* **REQUIRED ACTION**
Without pictures, return the lines from the one containing "Festival de la Historieta Peruana" through the last line of the data below, exactly.
Top of DATASET CONTENT
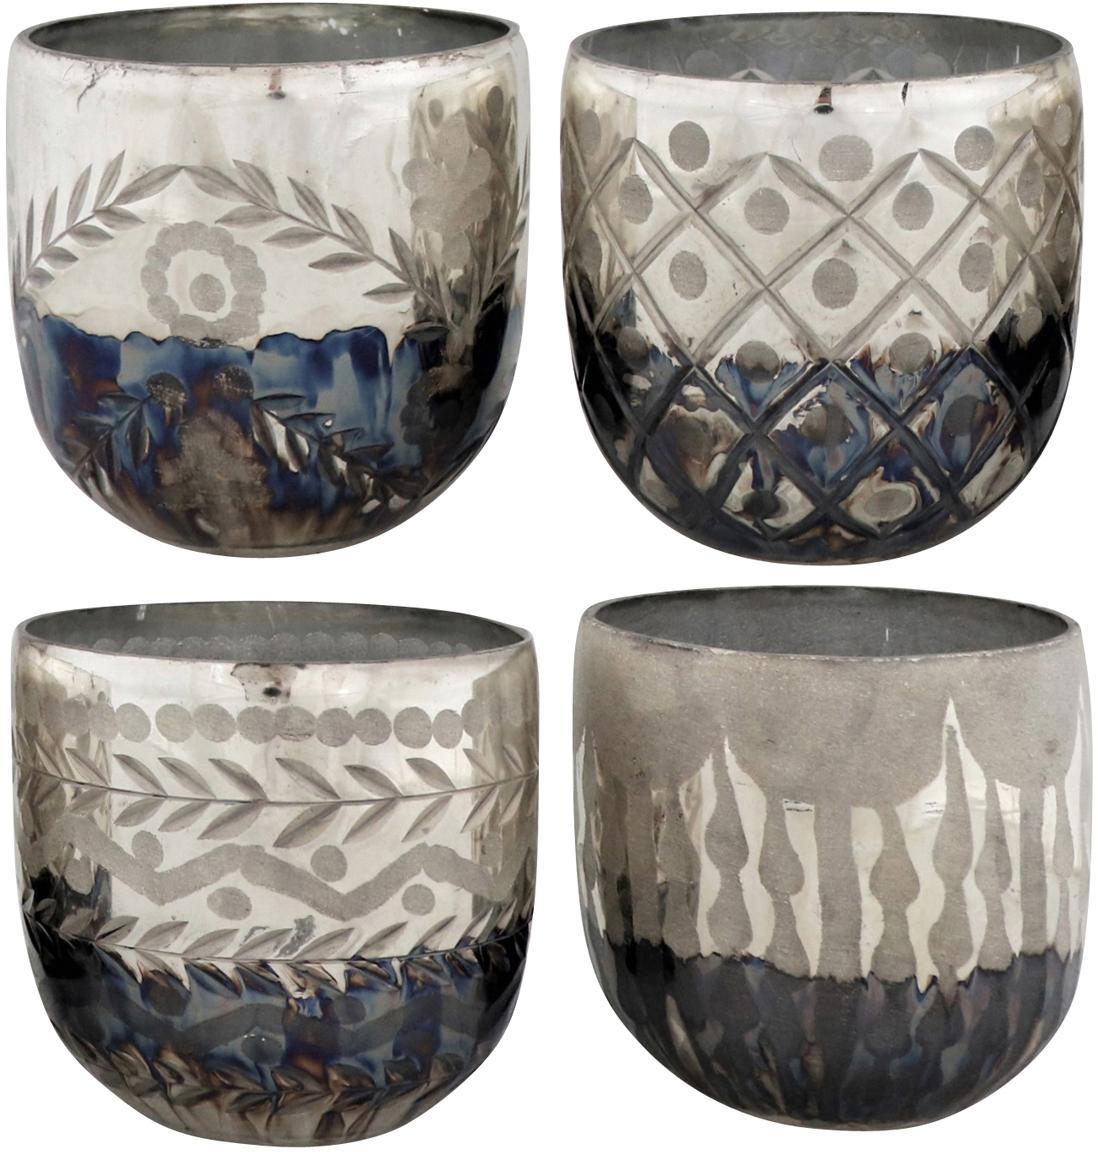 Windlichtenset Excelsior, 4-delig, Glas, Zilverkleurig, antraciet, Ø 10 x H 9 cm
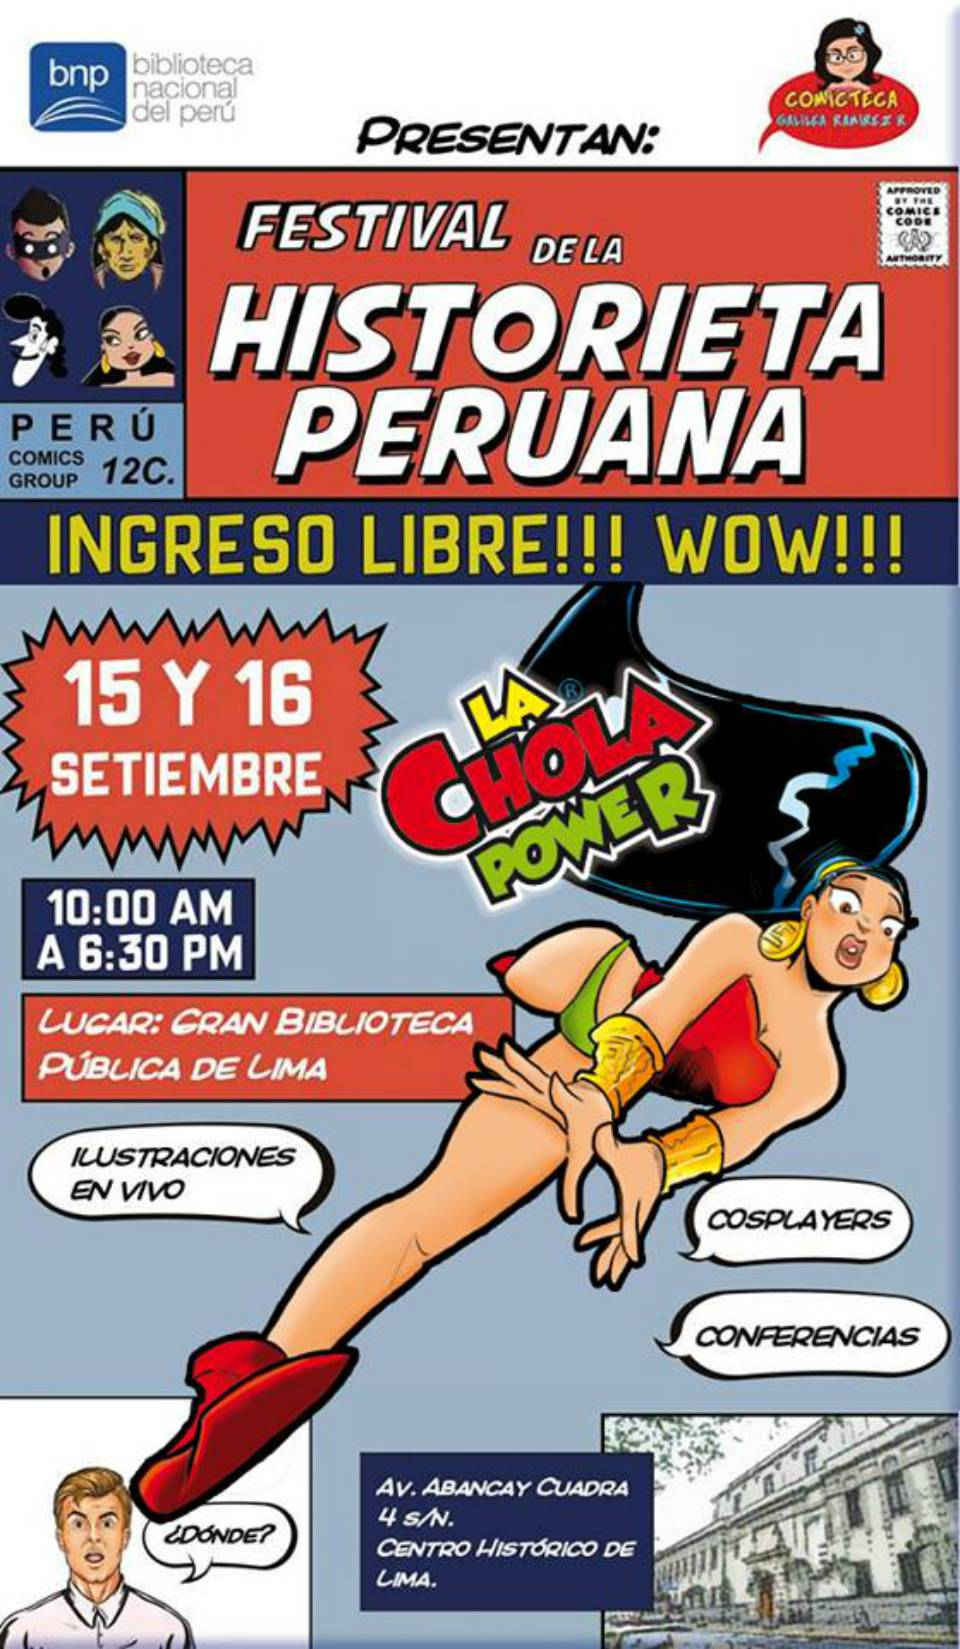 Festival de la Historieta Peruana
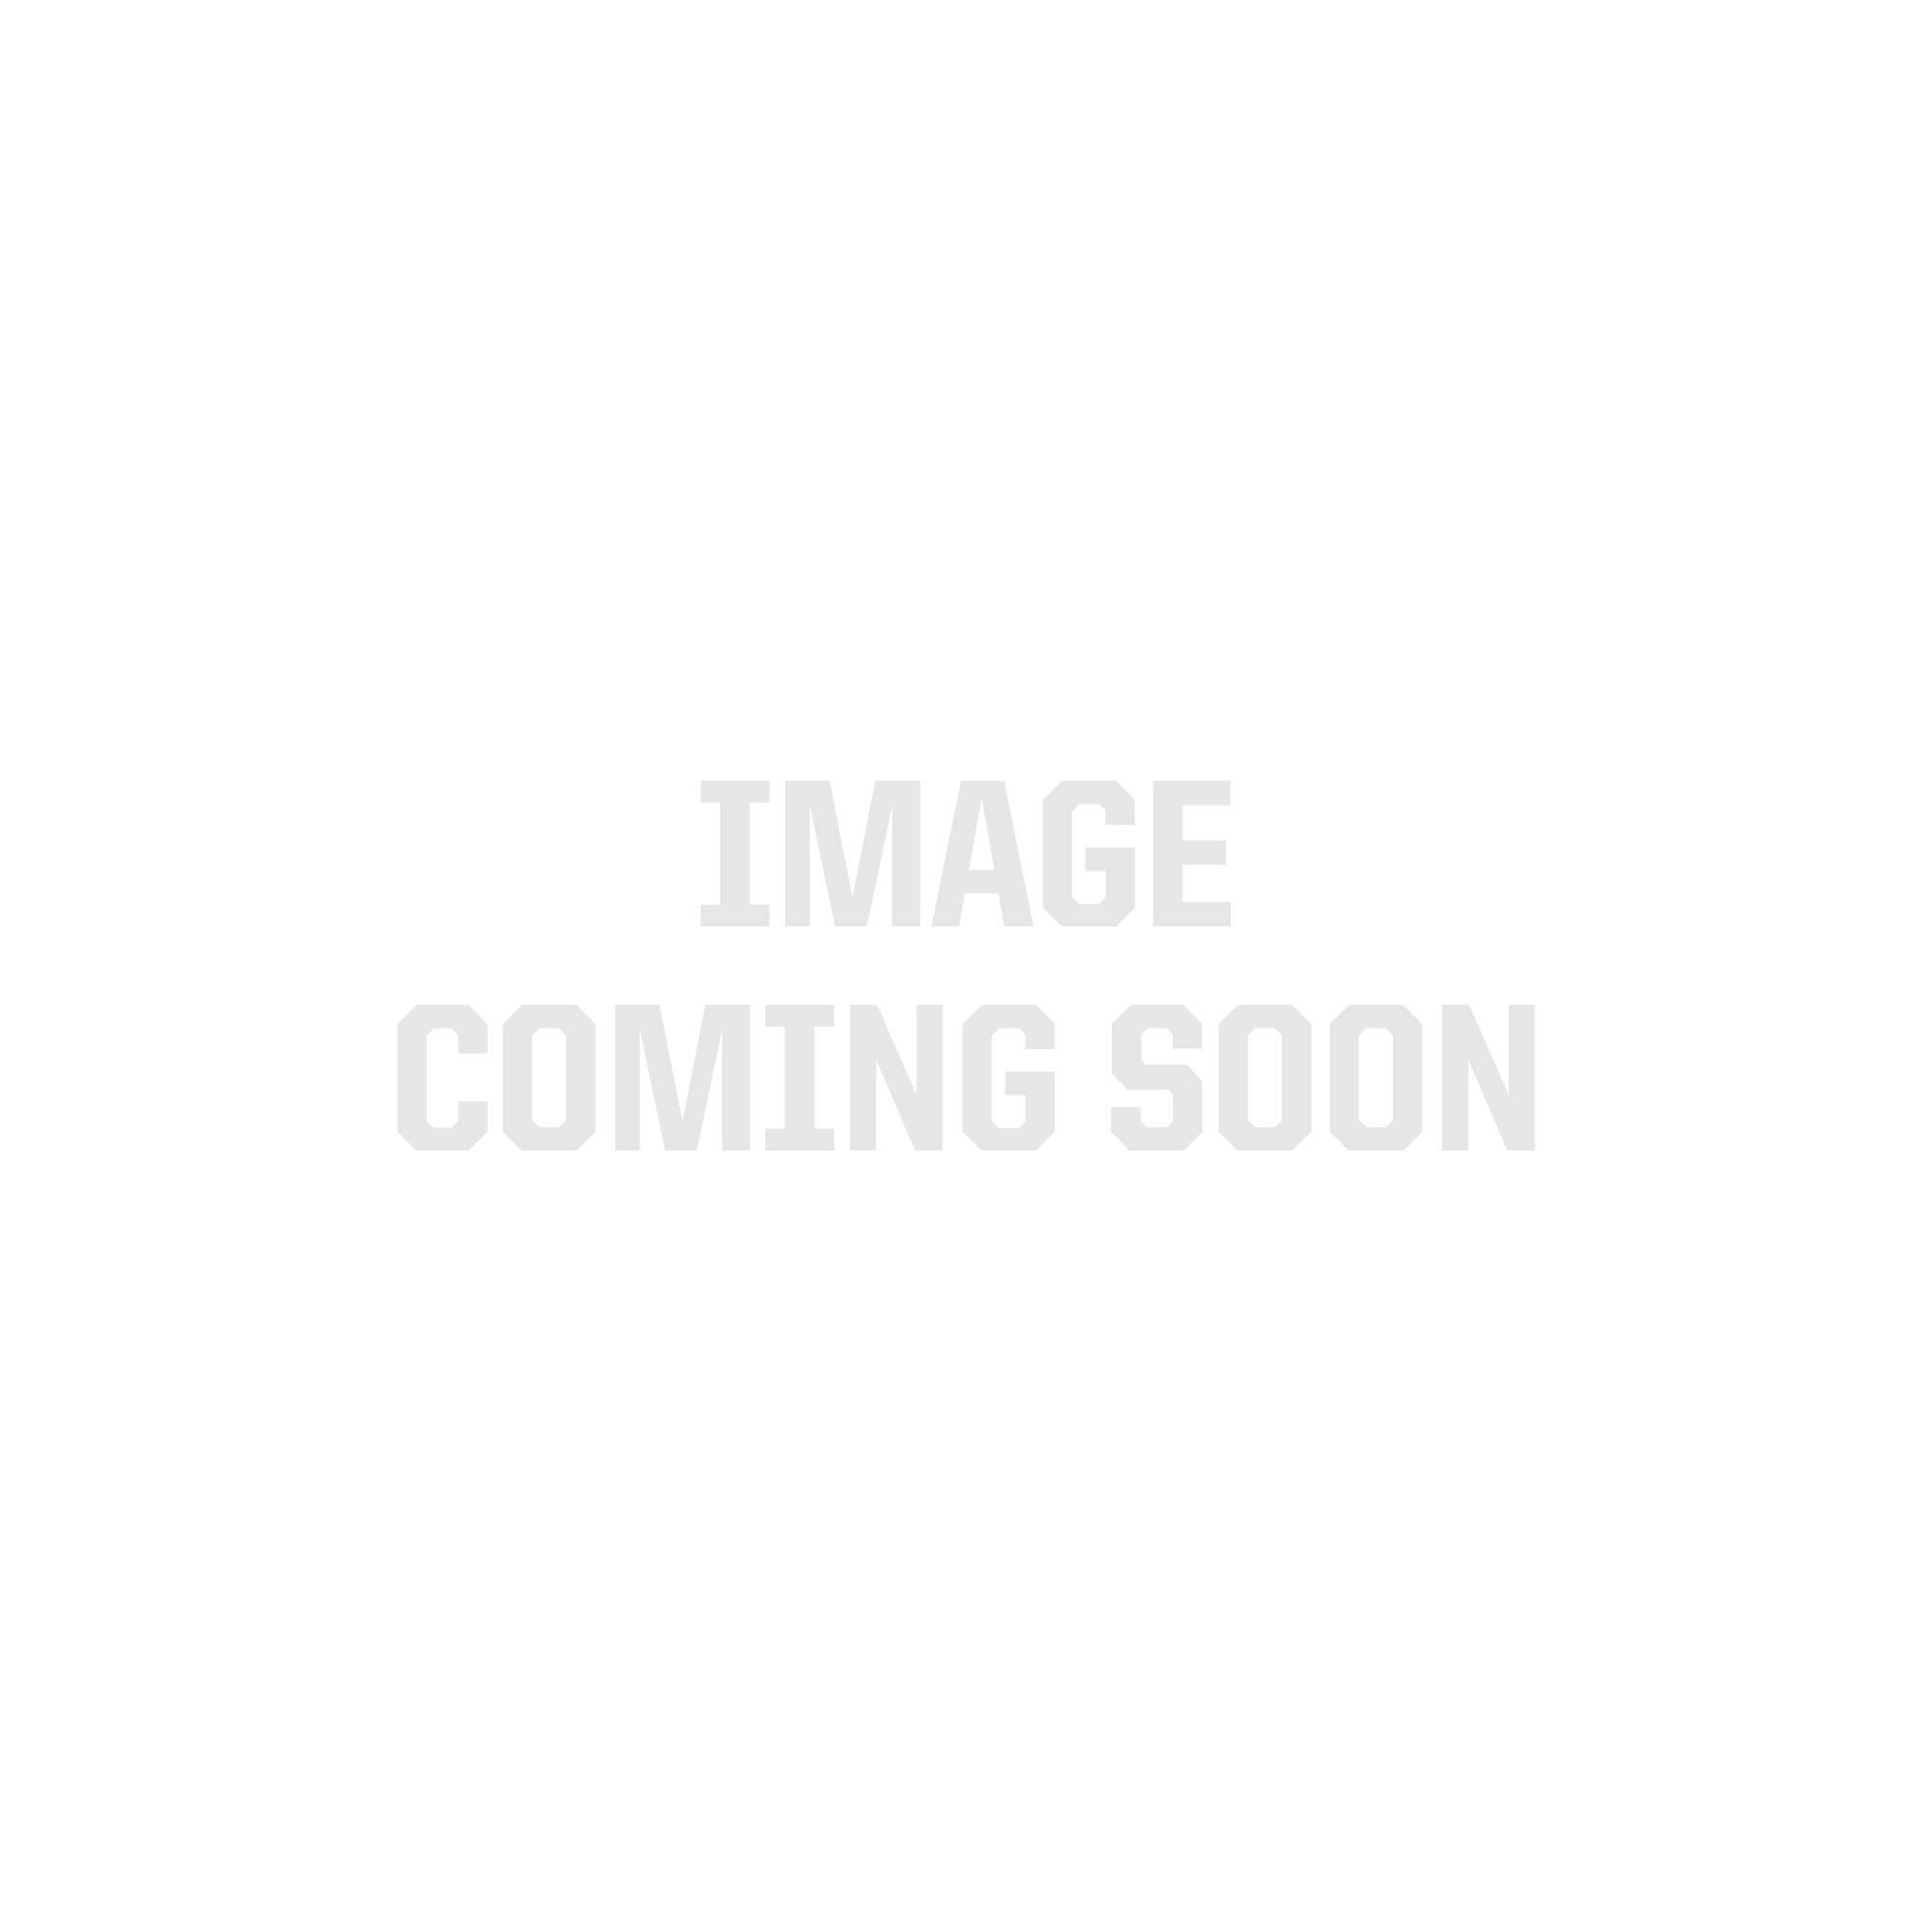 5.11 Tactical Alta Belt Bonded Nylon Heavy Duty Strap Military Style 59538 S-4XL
Bottom of DATASET CONTENT
* **ANSWER FOR THIS EXERCISE**
 Festival de la Historieta Peruana
 5.11 Tactical Alta Belt Bonded Nylon Heavy Duty Strap Military Style 59538 S-4XL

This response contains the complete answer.